ETSU’s Sanders adjusts to ‘new normal’ with football on hold

ETSU football coach Randy Sanders is adjusting to life without football.
September 8, 2018 – Knoxville, Tennessee – Neyland Stadium: ETSU defensive back Tyrik Stewart (18), ETSU safety Tyree Robinson (16), ETSU head coach Randy Sanders, ETSU wide receiver Kobe Kelley (15) Image Credit: Dakota Hamilton/ETSU
By Dave Ongie, News Editor

On the Friday before the start of spring break, ETSU football coach Randy Sanders was in his element.

His players were finishing up their final offseason conditioning session that was supposed to usher in spring practice following a week off of school. This year’s spring camp was setting up to be particularly vital for a roster full of young players hungry to earn some playing time during the upcoming season.

But as Sanders stood up to address his team at the end of the conditioning session, he suddenly found himself in uncharted territory. Nothing in his 30 years of college football coaching could prepare him for the uncertainty his coaching staff and players were facing in the midst of the COVID-19 outbreak.

“It’s not something I’ve ever been through. There are not many people alive on earth who have been through any situation like this,” Sanders said. “I told them I had no clue what the future looked like, what was going to happen, but go home, stay safe and be careful traveling.”

And just like that, the ETSU football team scattered to the four winds. Social distancing has left college football in a state of suspended animation with players at home doing their best to knock out online coursework and stay in shape so they’re ready to return to the field at a time that has yet to be determined.

In Johnson City, Sanders has been working the phones extensively to keep tabs on his players as they continue to work out and take online classes in their respective homes. He’s also watching a lot of game film of his own team as well as tape of prospects, and he’s in regular contact with his assistant coaches.
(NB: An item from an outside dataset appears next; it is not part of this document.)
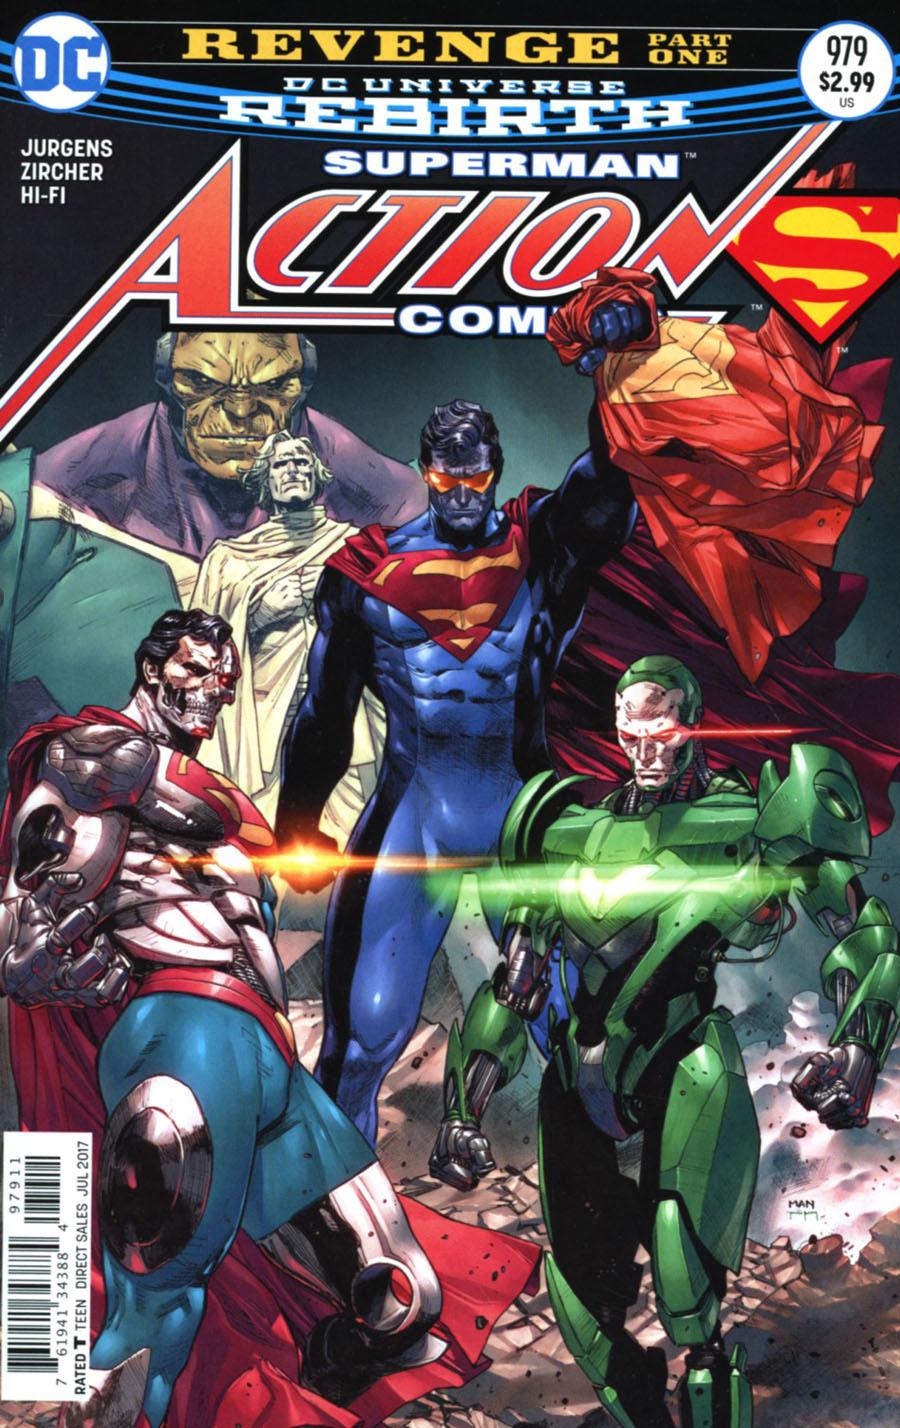 Action Comics Vol. 2 #979

Since ETSU athletic director Scott Carter lives just down the street, the two men are occasionally able to have a face-to-face meeting, albeit at a safe distance, at the end of Sanders’ driveway. Other than that, Sanders admits to being a little stir-crazy with his spring routine thrown out of whack.

“I have cleaned my boat about 15 times even though I’m not getting much chance to get it dirty,” he said. “I probably have been driving my wife and daughter crazy.”

While everybody seems to be getting used to the “new normal” of social distancing, the big question in every sector of American life is what life after distancing measures will look like. With the traditional start of football season just over four months away, Sanders isn’t sure what exactly next season will look like.

For now, he is keenly aware that the loss of spring practice came at an inopportune time for his program. “If there was ever a team I’ve been around that needed spring practice, this was it,” he said. “We have so many freshmen and sophomores, so many unproven guys that needed to go out there and show what they could do. As coaches, we needed to see what they could do, because these 15 days in spring are critical going forward so you know how to plan once you get into May, June, July and into August.”

No matter what happens between now and the kickoff of next football season, Sanders knows the offseason is likely to remain atypical. In order to ensure player safety, he said at least 30 days of conditioning and practice will be required in order for his team to be ready to safely take the field.

For now, Sanders will be keeping his boat clean, enjoying home-cooked meals and doing whatever he can to ensure his team is ready to go when the time comes.

“All I know is I wake up in the morning and I do what I can do,” he said. “As I tell the team, you control what you can control, and you can’t worry about the rest of the stuff. I don’t have a lot of control over the timetable right now.”